**SUPPLIED DATA**
○ ○ ○ ○

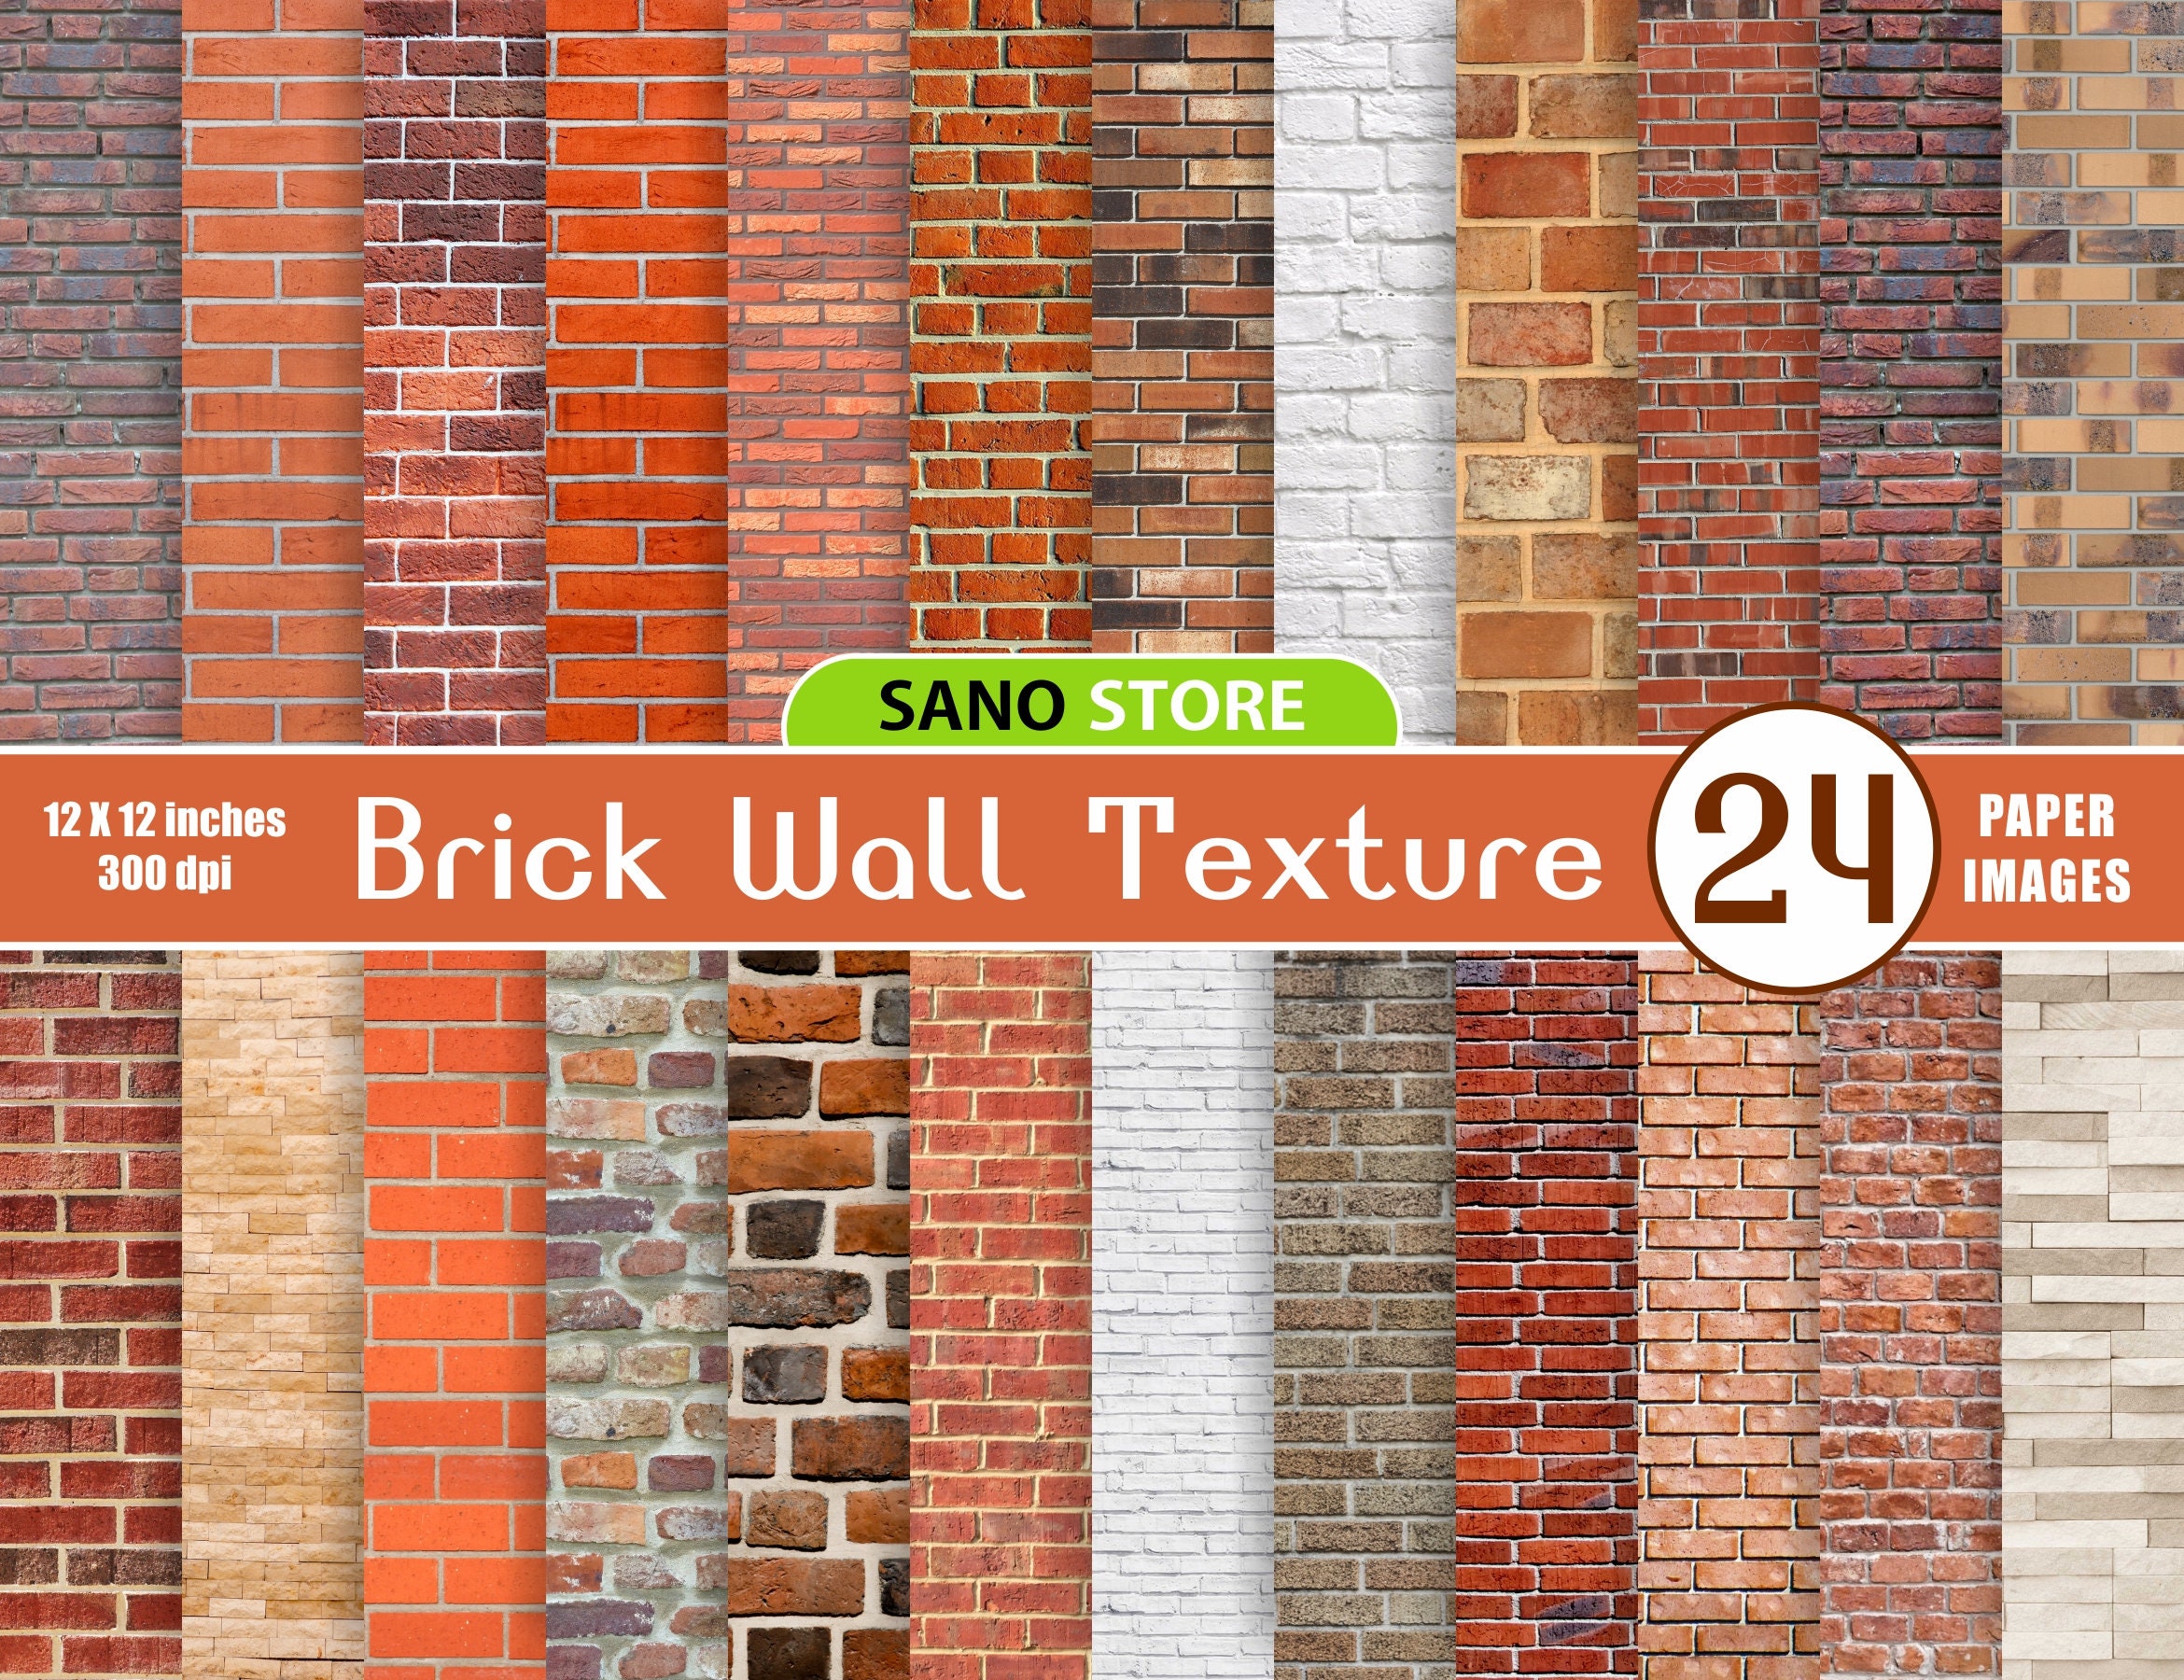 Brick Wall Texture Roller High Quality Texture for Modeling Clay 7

○ ○ ○ ○

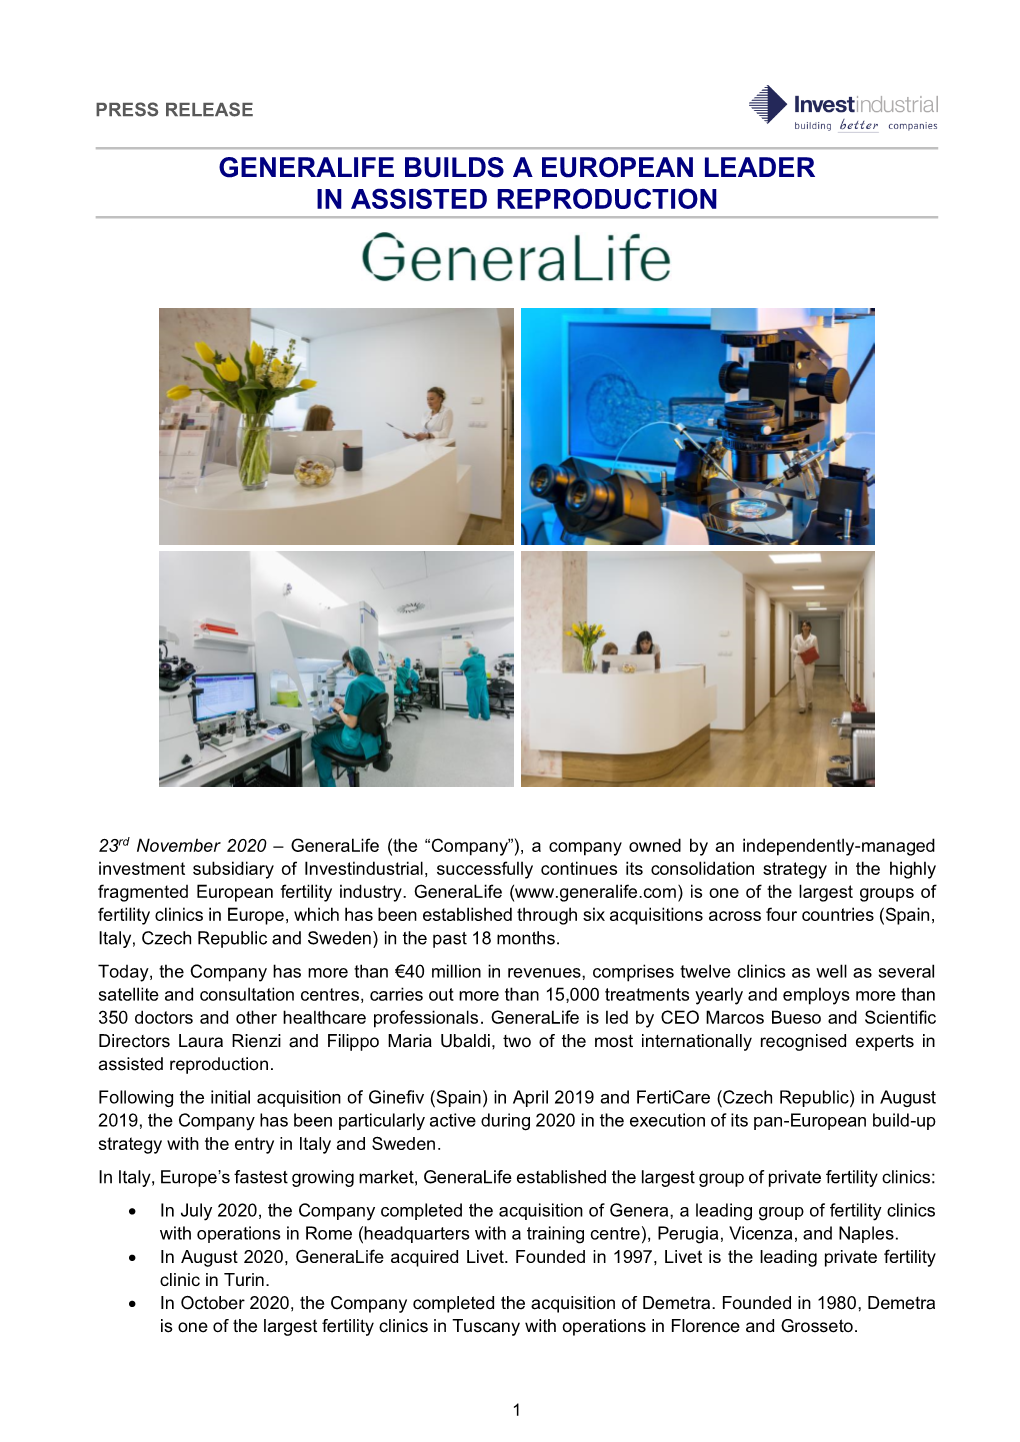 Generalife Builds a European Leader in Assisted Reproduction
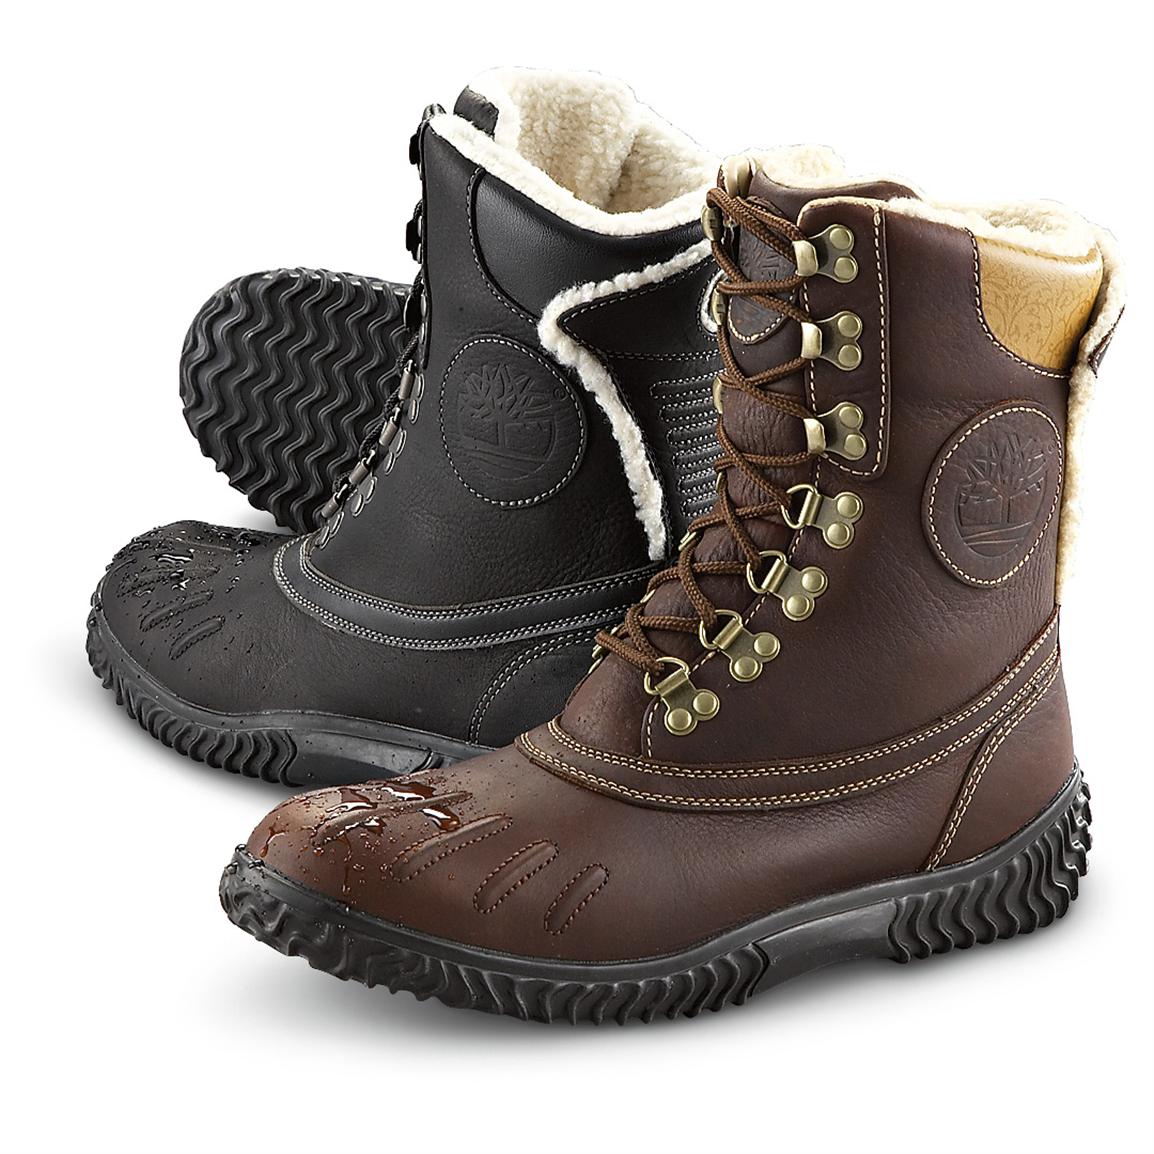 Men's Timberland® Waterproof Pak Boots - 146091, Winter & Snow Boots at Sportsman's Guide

○ ○ ○ ○

**TASK REQUIREMENTS**
Reproduce the listing above only between the lines holding "Generalife Builds a" and "Men's Timberland® Waterproof", inclusive. Every line must match exactly, and pictures are dropped.

**YOUR RESPONSE**
 Generalife Builds a European Leader in Assisted Reproduction
 Men's Timberland® Waterproof Pak Boots - 146091, Winter & Snow Boots at Sportsman's Guide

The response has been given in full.